### Data section:
========
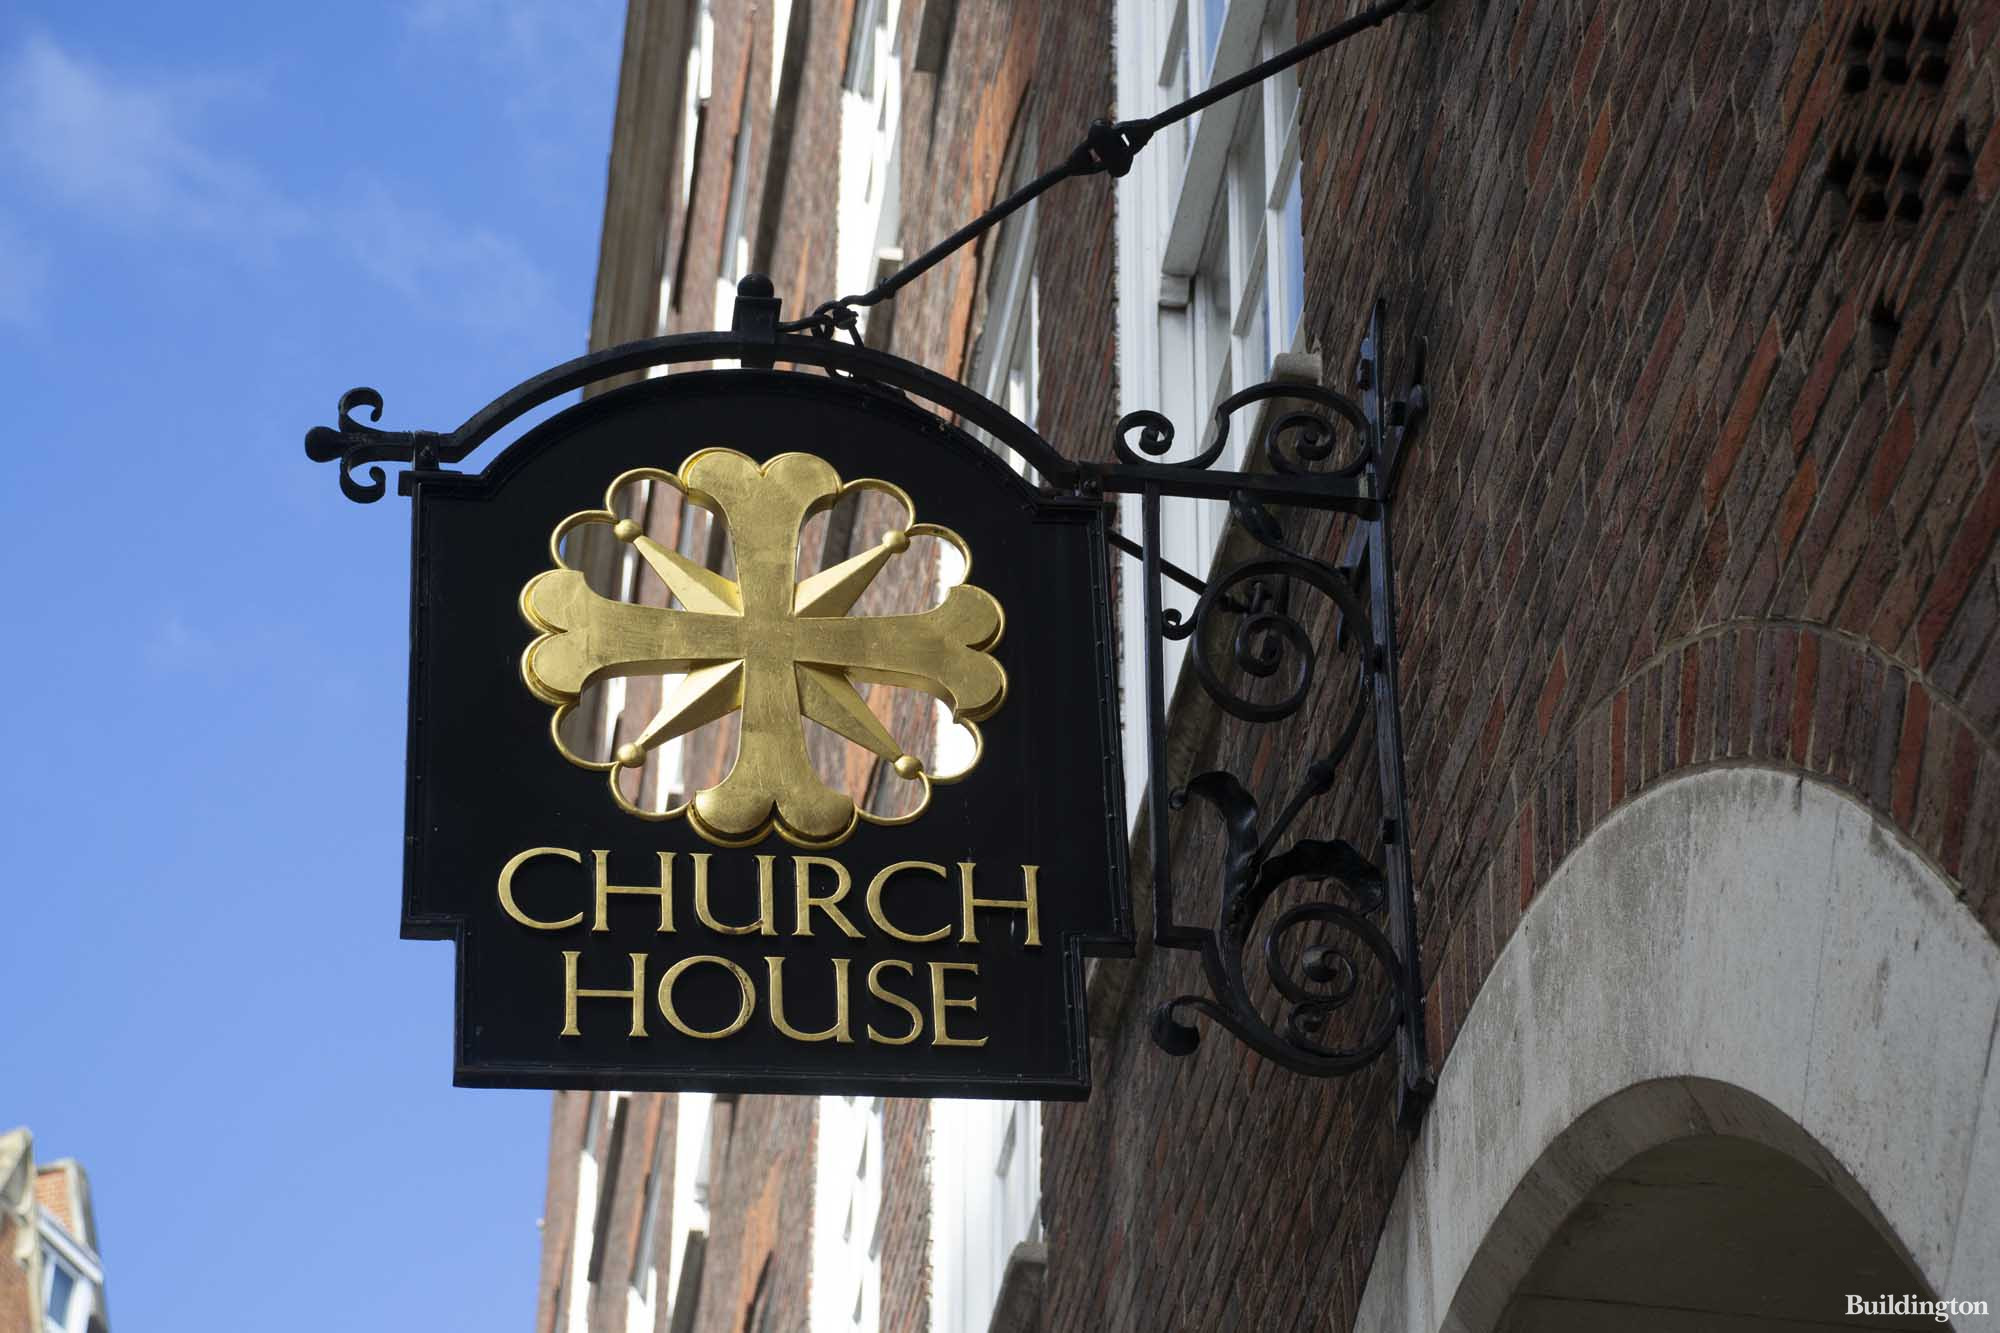 Church House signage on Great Smith Street in Westminster, London SW1.
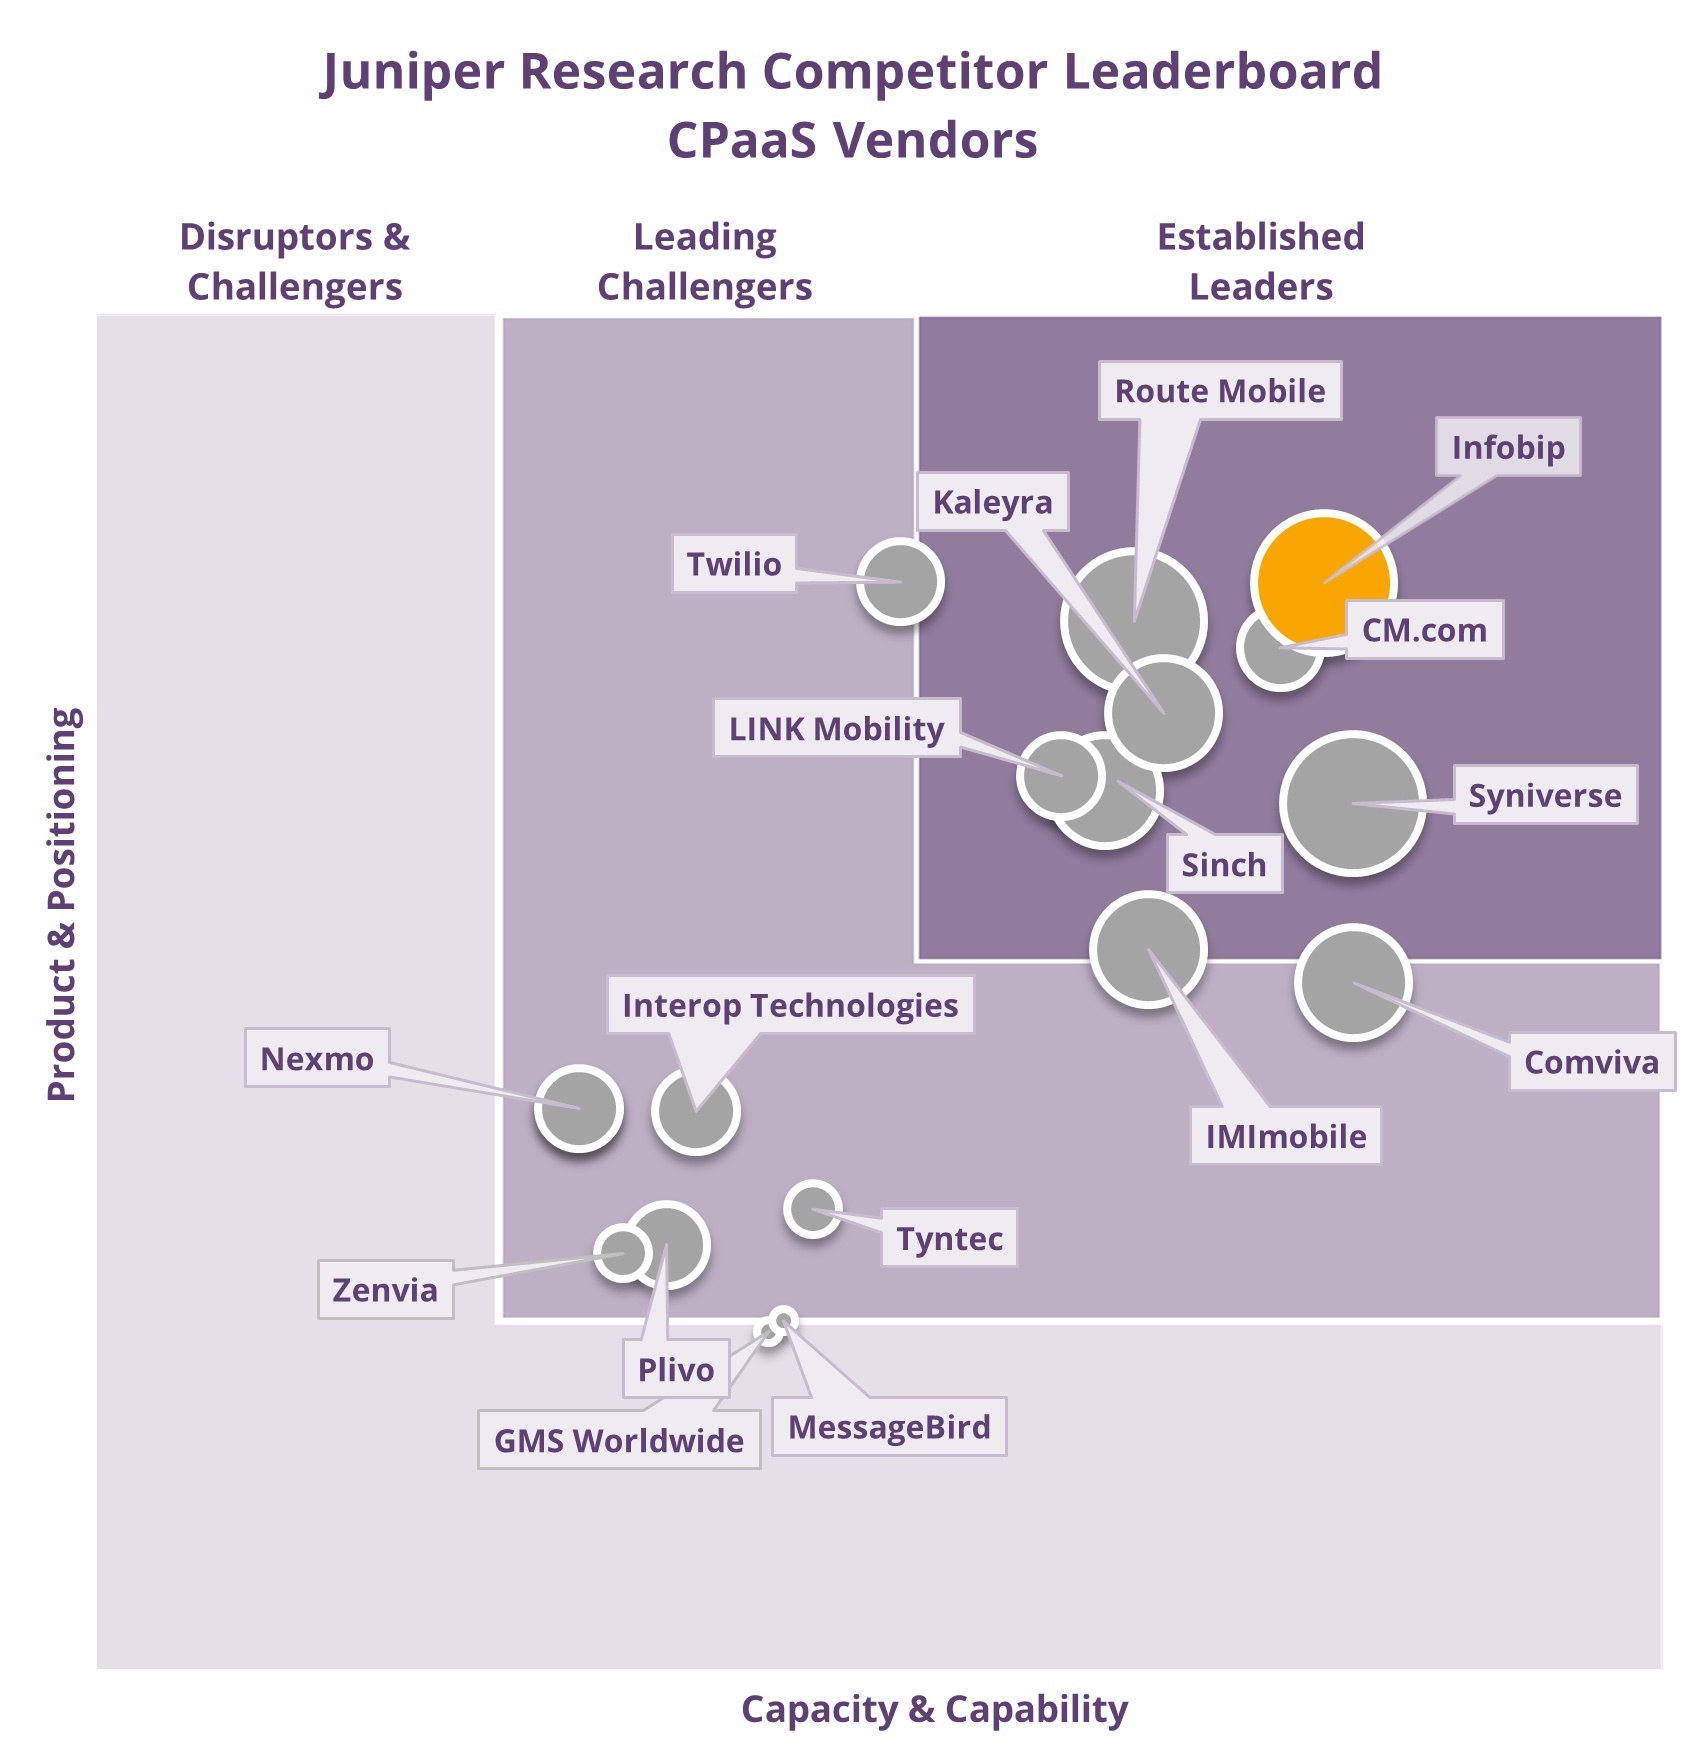 Infobip Recognized as The Established Leader in Juniper's Competitor  Leaderboard for CPaaS
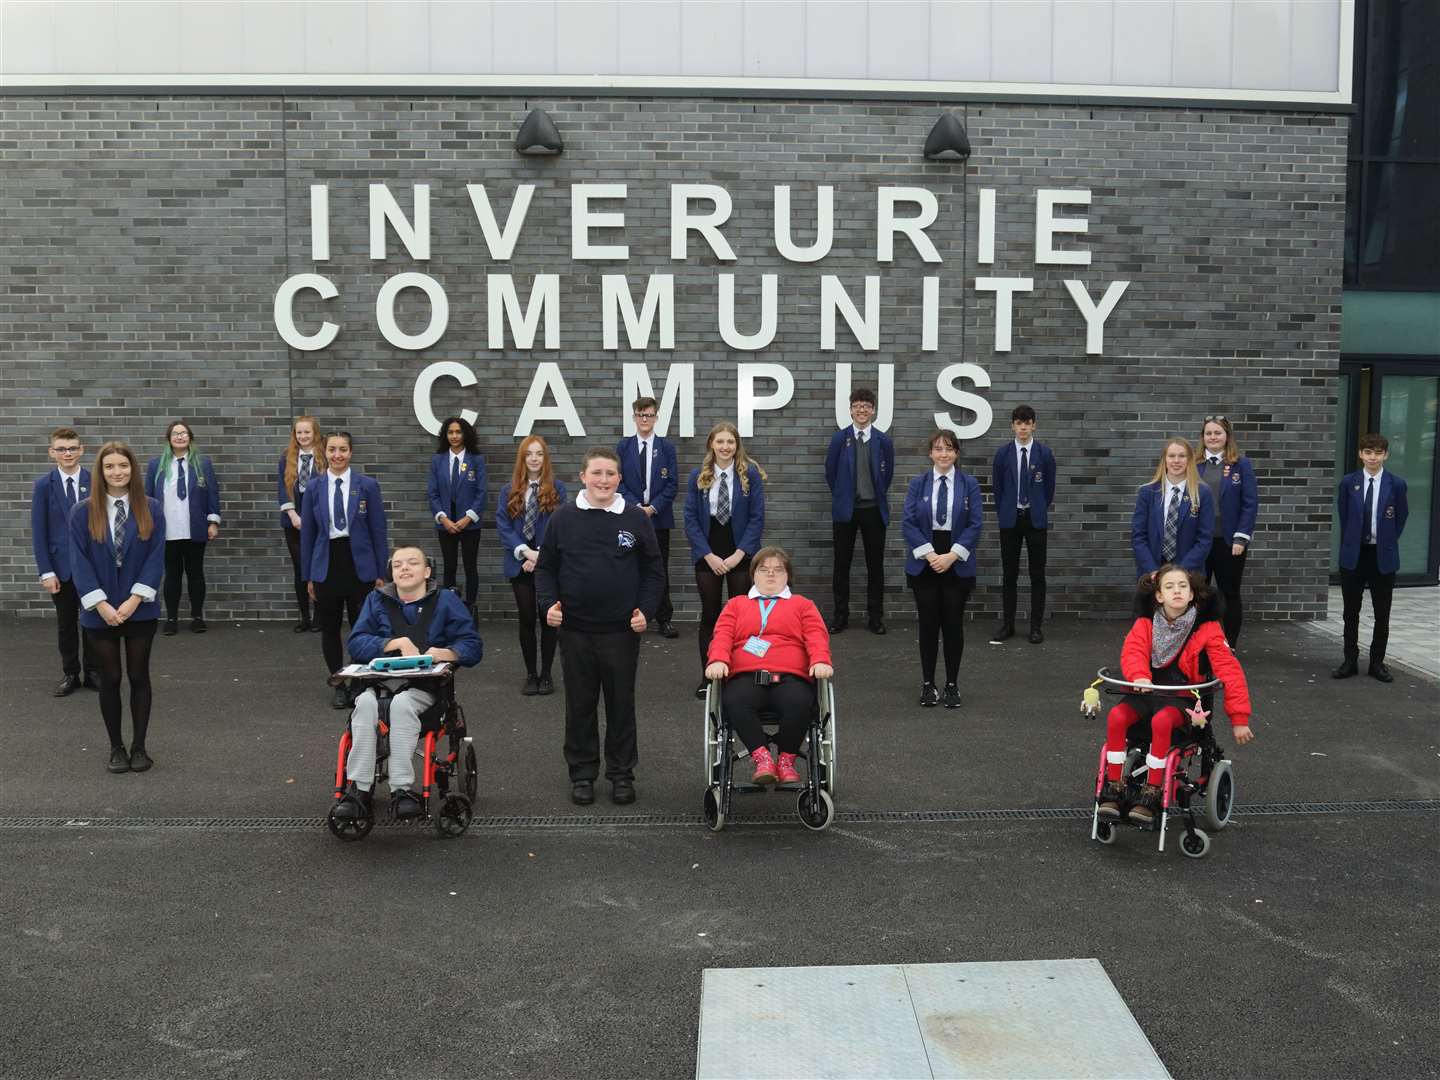 Pupils from Inverurie Academy and St Andrew's were welcomed to the new campus
========
### Required work:
Repeat each line above exactly as it reads, omitting any pictures.

### Exercise result:
 Church House signage on Great Smith Street in Westminster, London SW1.
 Infobip Recognized as The Established Leader in Juniper's Competitor  Leaderboard for CPaaS
 Pupils from Inverurie Academy and St Andrew's were welcomed to the new campus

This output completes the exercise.